» **EXERCISE DATA**
# # # # #

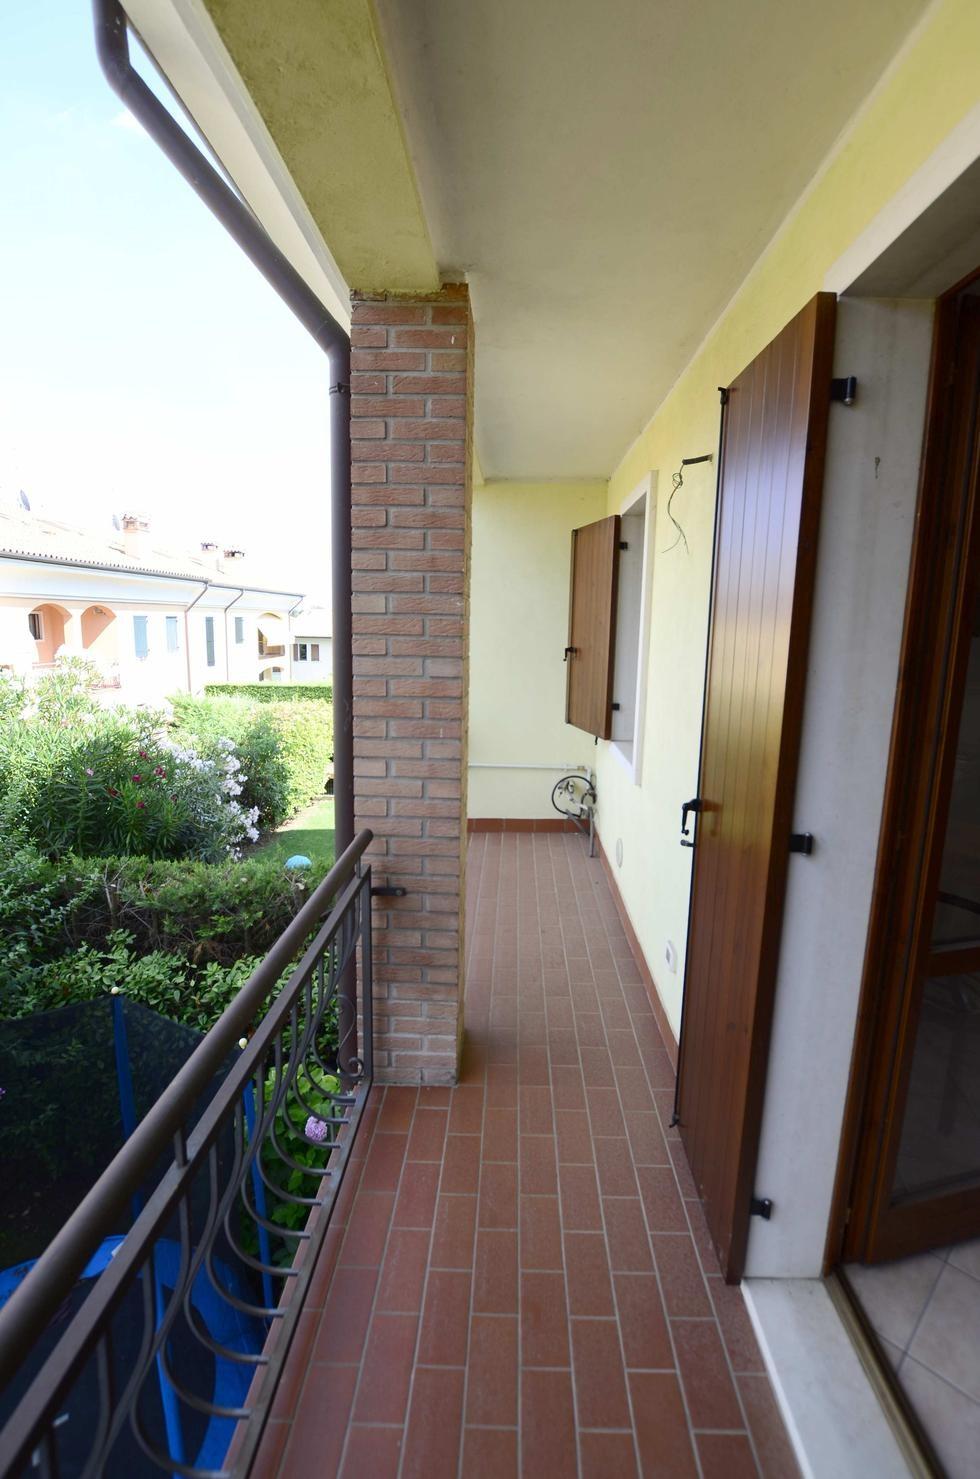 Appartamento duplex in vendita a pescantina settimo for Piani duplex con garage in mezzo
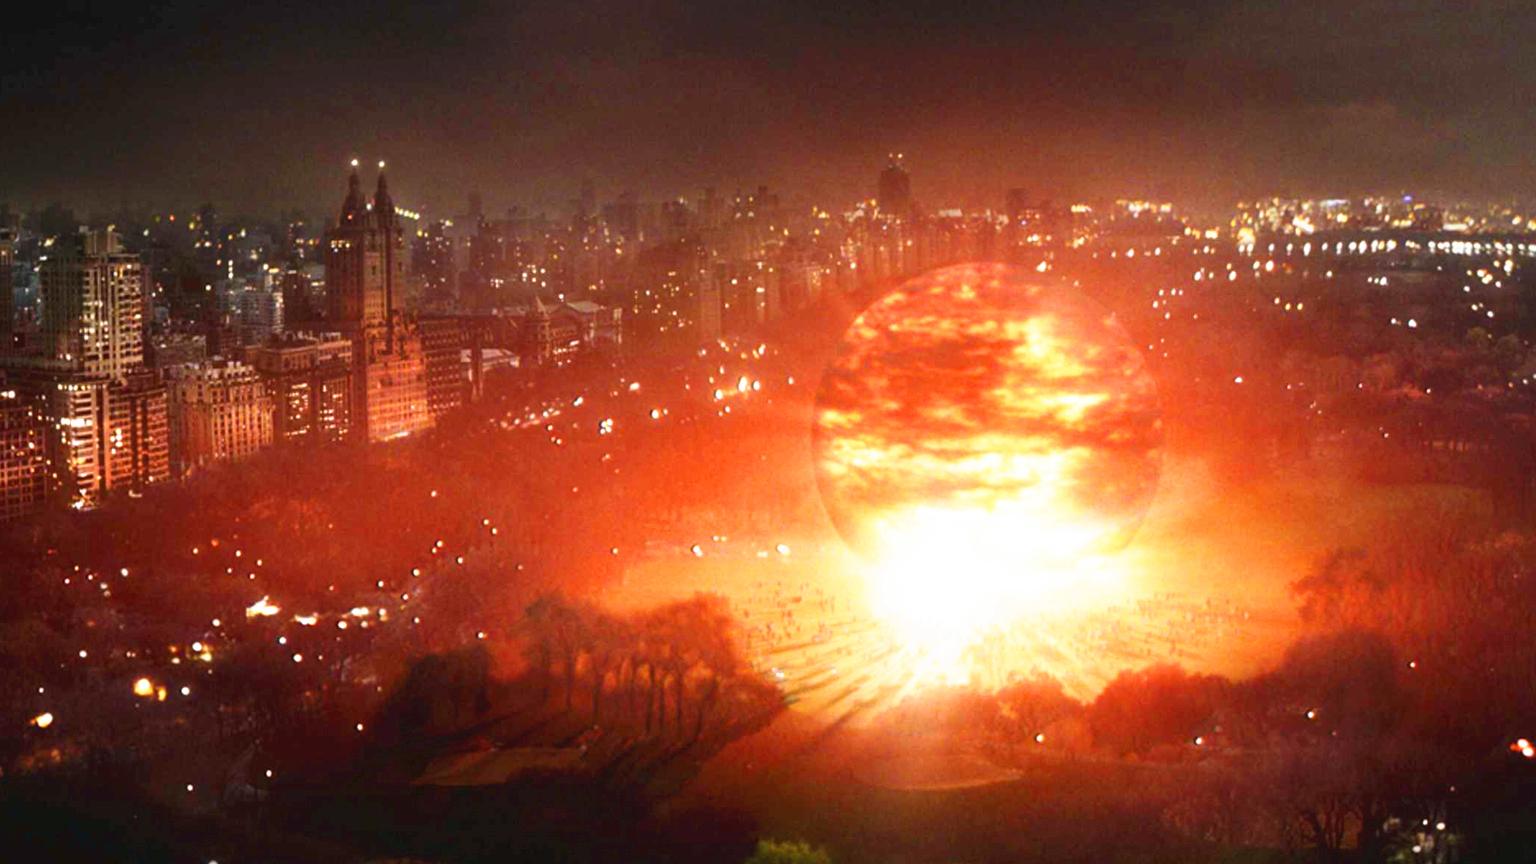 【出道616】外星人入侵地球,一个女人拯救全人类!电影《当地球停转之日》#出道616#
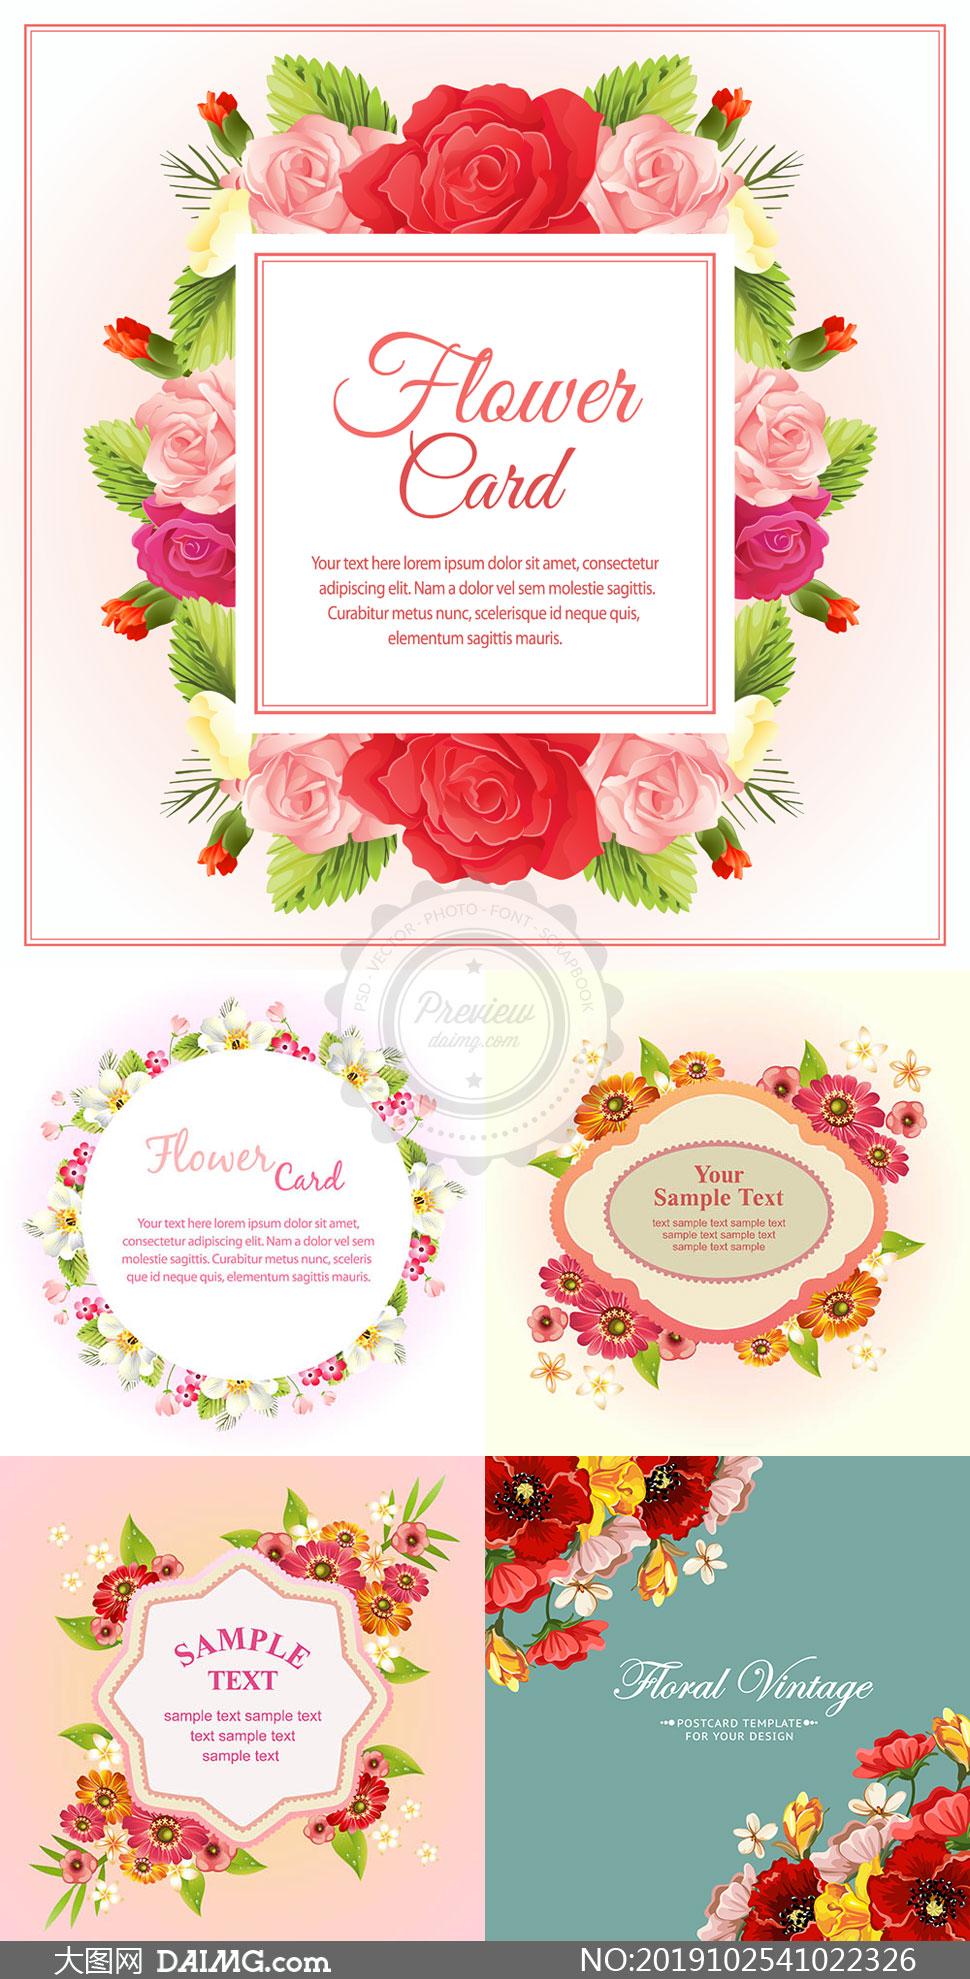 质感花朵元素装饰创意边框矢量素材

# # # # #

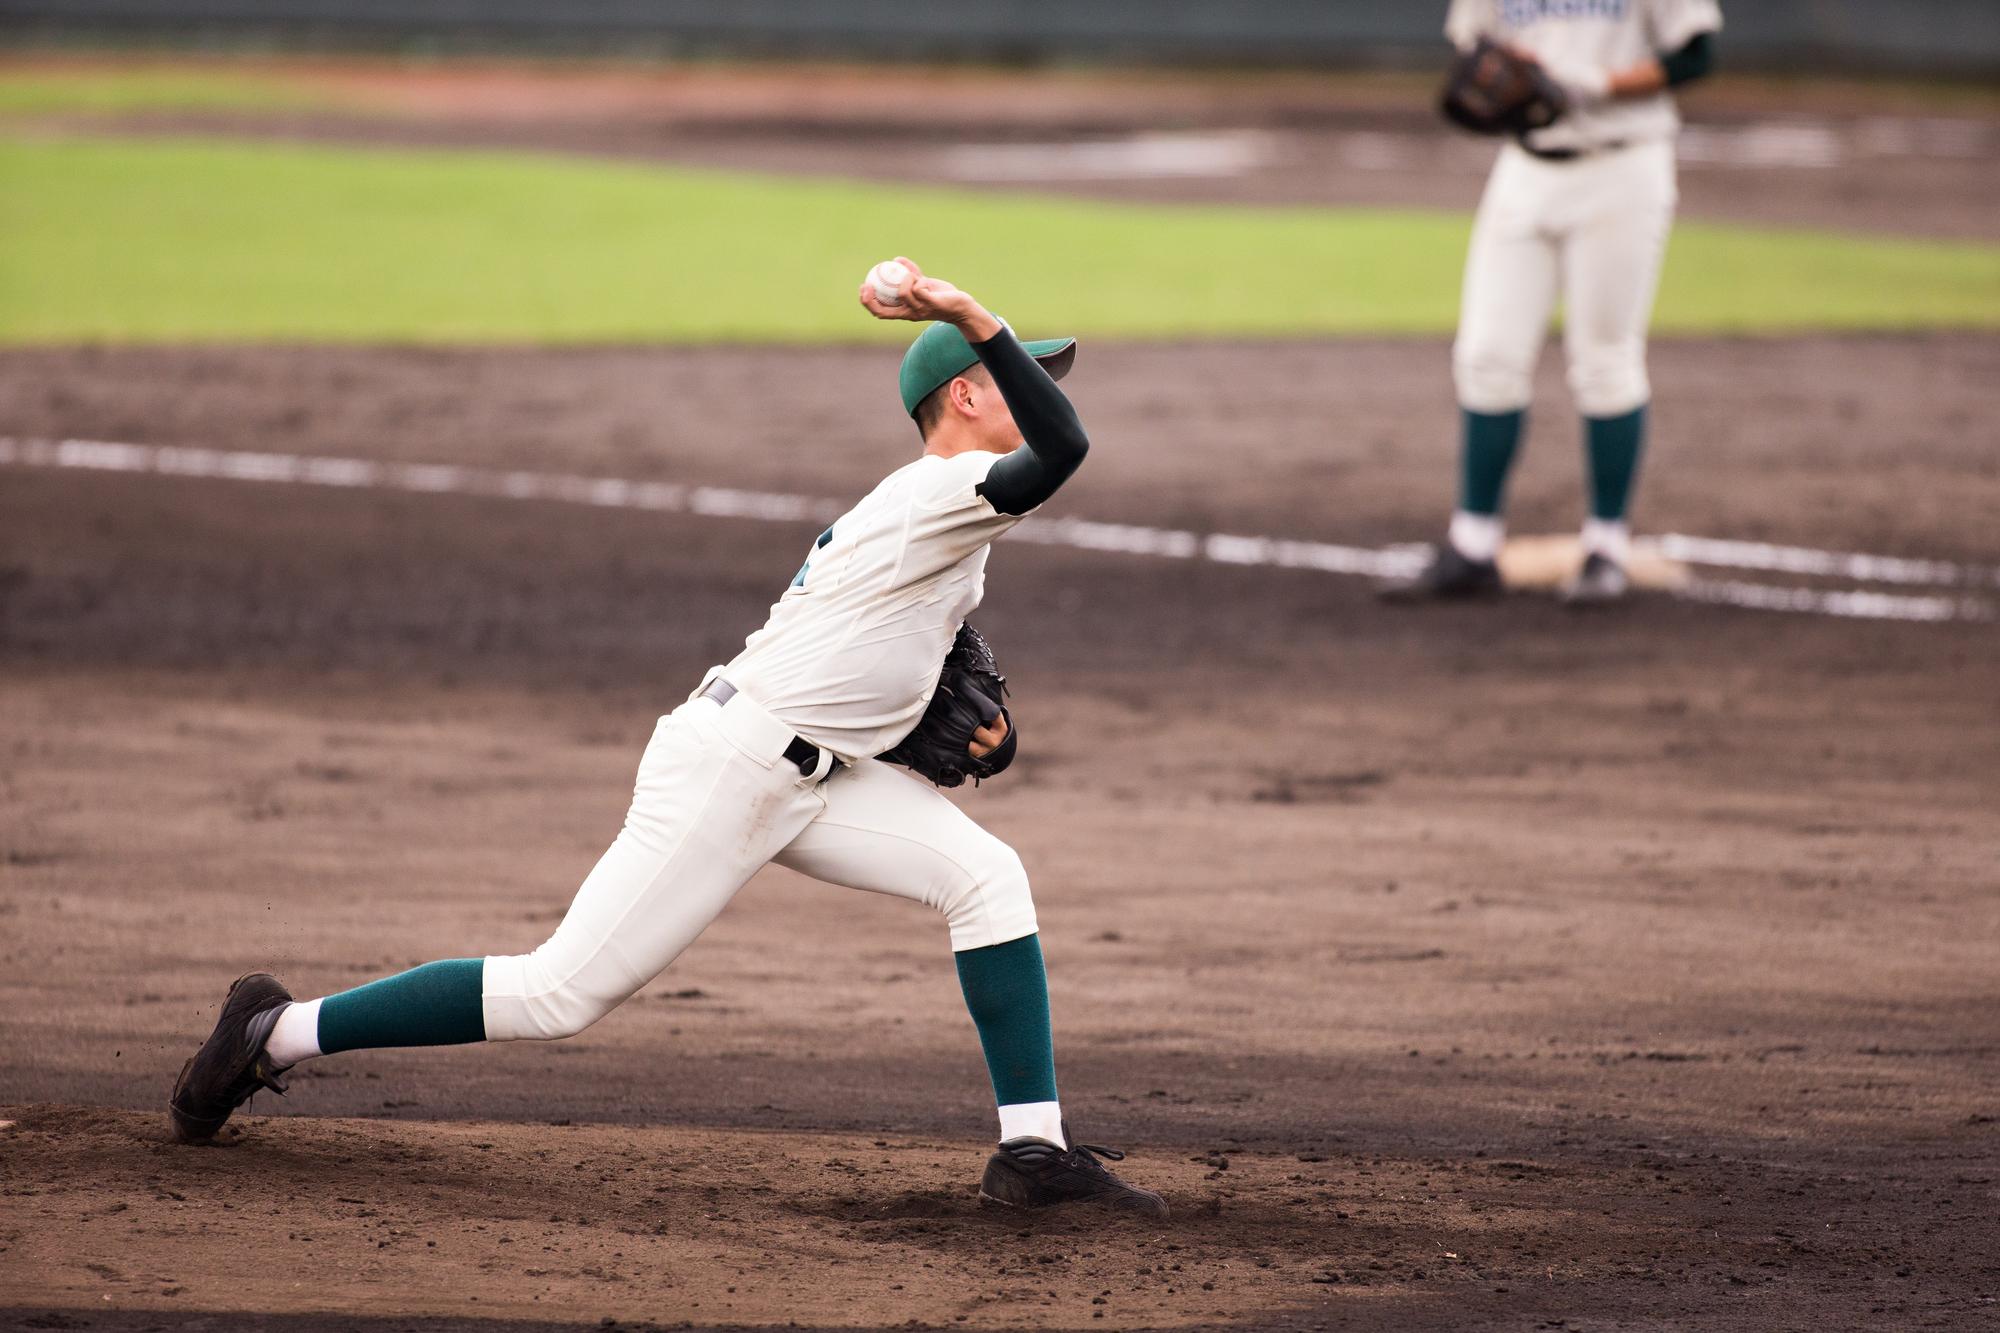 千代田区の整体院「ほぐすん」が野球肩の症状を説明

# # # # #

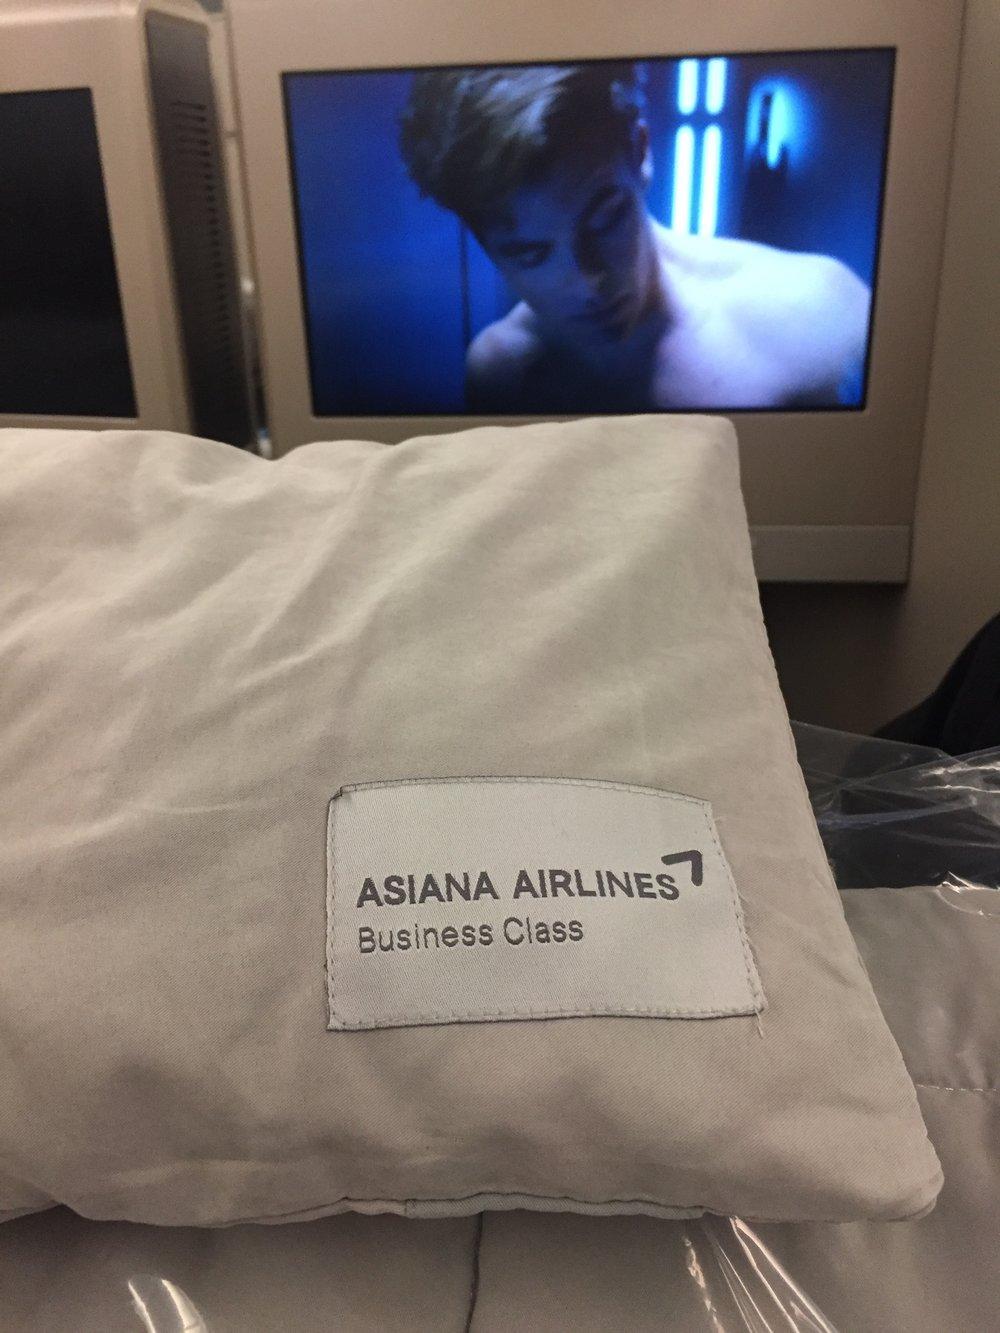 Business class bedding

# # # # #

Starting at the line above that holds "Appartamento duplex in", repeat every line exactly down to and including the line that holds "质感花朵元素装饰创意边框矢量素材", then stop. Do not carry over any pictures.

 Appartamento duplex in vendita a pescantina settimo for Piani duplex con garage in mezzo
 【出道616】外星人入侵地球,一个女人拯救全人类!电影《当地球停转之日》#出道616#
 质感花朵元素装饰创意边框矢量素材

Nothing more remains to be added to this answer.